Pbartender has covered Cintamani.  Lapis Lazuli seems a good answer because it is a blue stone that comes from the "roof of the world," but it hardly floats in the sky.  Lake Puma Yumco is literally "the blue jewel that is floating in the sky", and is on the Tibetan Plateau which some consider the roof of the world.

Lake Puma Yumco - Wikipedia, the free encyclopedia


----------



## Pbartender (Apr 28, 2010)

Rykion said:


> My answer to the question would be: Lake Puma Yumco, Cintamani.
> 
> Pbartender has covered Cintamani.  Lapis Lazuli seems a good answer because it is a blue stone that comes from the "roof of the world," but it hardly floats in the sky.




Misled by the subject of the thread, I was originally thinking of lapis lazuli's Roman connection to Jupiter (the planet)...  A tenuous connection to be sure, but the best I had.  

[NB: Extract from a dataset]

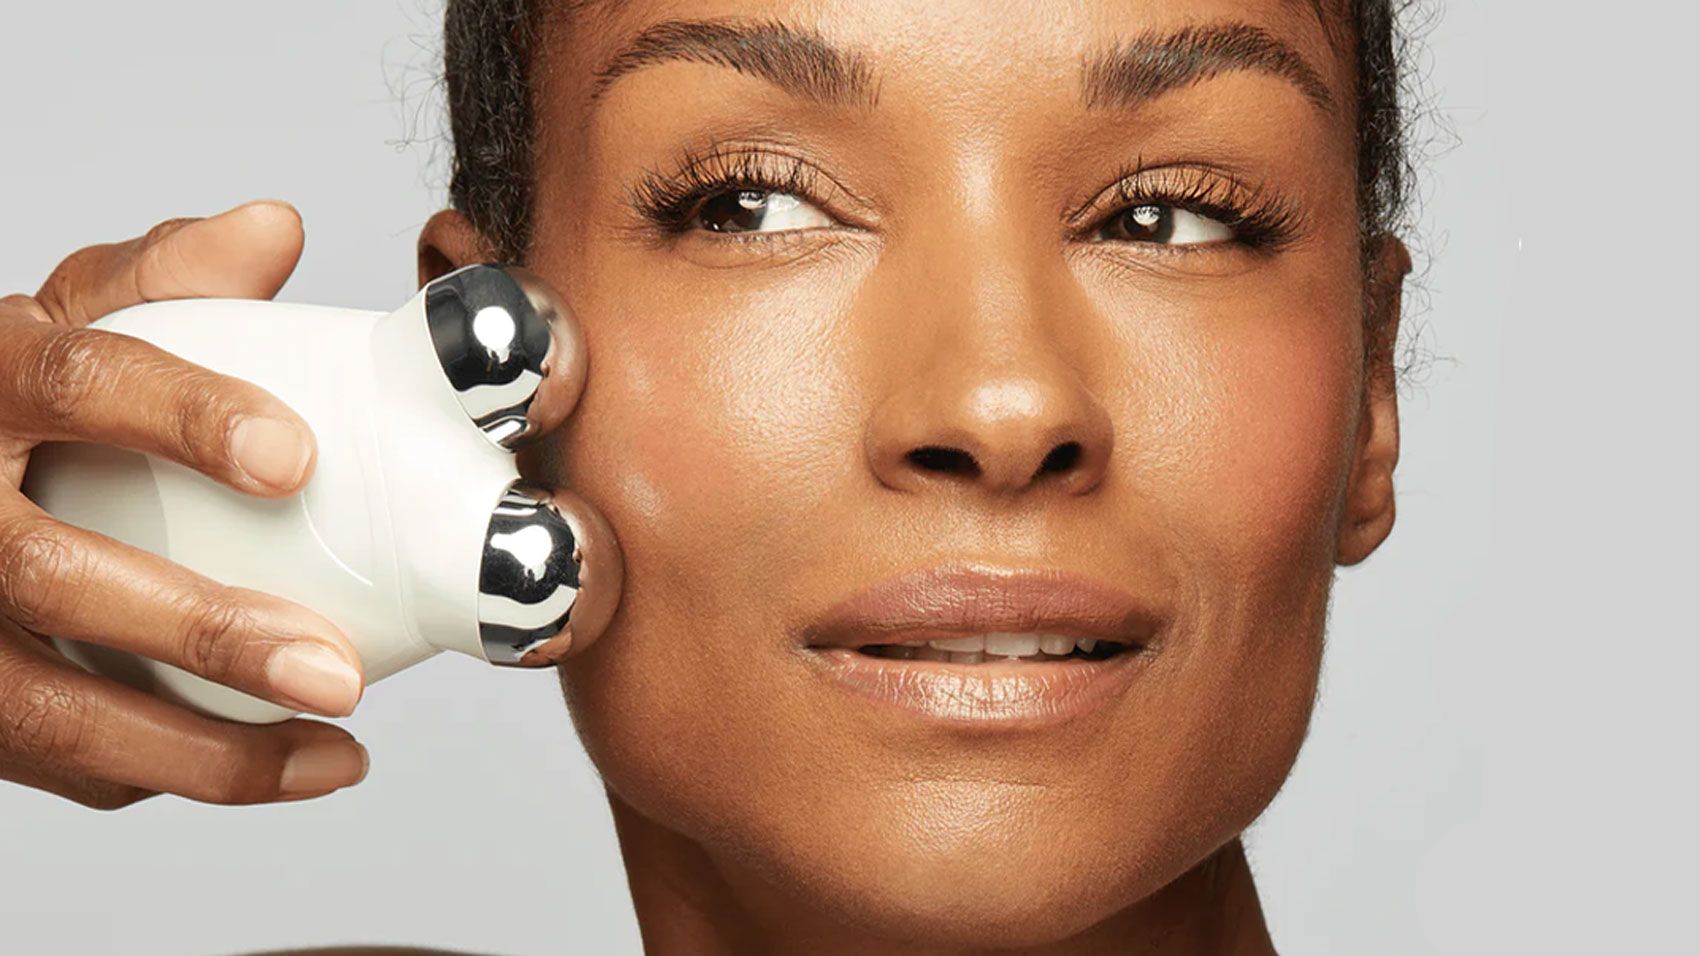 The 9 best microcurrent devices for a sculpted face | CNN Underscored

In hindsight, you're right...  Lake Puma Yunco is a much better answer.  Kudos.


----------



## Janx (Apr 28, 2010)

Thatwackyned said:


> LMAO...I'll never claim/nor have ever claimed Mensa level intellegence.
> 
> Ok, the backstory.
> 
> ...




This is what Hobo and I were asking.  I don't know that it would have helped solved the puzzle, but knowing the backstory made the question a lot more clearer, and in fact revealed that it had nothing to do with roman mythology, only that the name would be "english"

9/10 times when somebody asks a question without context, it is a lot harder to get them the right answer because its not clear what they really want to know.


----------



## Bullgrit (Apr 29, 2010)

Next question is:

What is the airspeed velocity of the unladen swallow?

Bullgrit


----------



## Merkuri (Apr 29, 2010)

Bullgrit said:


> What is the airspeed velocity of the unladen swallow?




African or European?


----------



## Desdichado (Apr 29, 2010)

Janx said:


> 9/10 times when somebody asks a question without context, it is a lot harder to get them the right answer because its not clear what they really want to know.



Indeed.  In this case, the context we had (the thread title) was actually actively misleading.

Ah, well.  Sounds potentially fun.  I guess.


----------



## Wycen (Apr 29, 2010)

I could have used some Mensa help on my History of Science paper last week.  My brain still hurts.


----------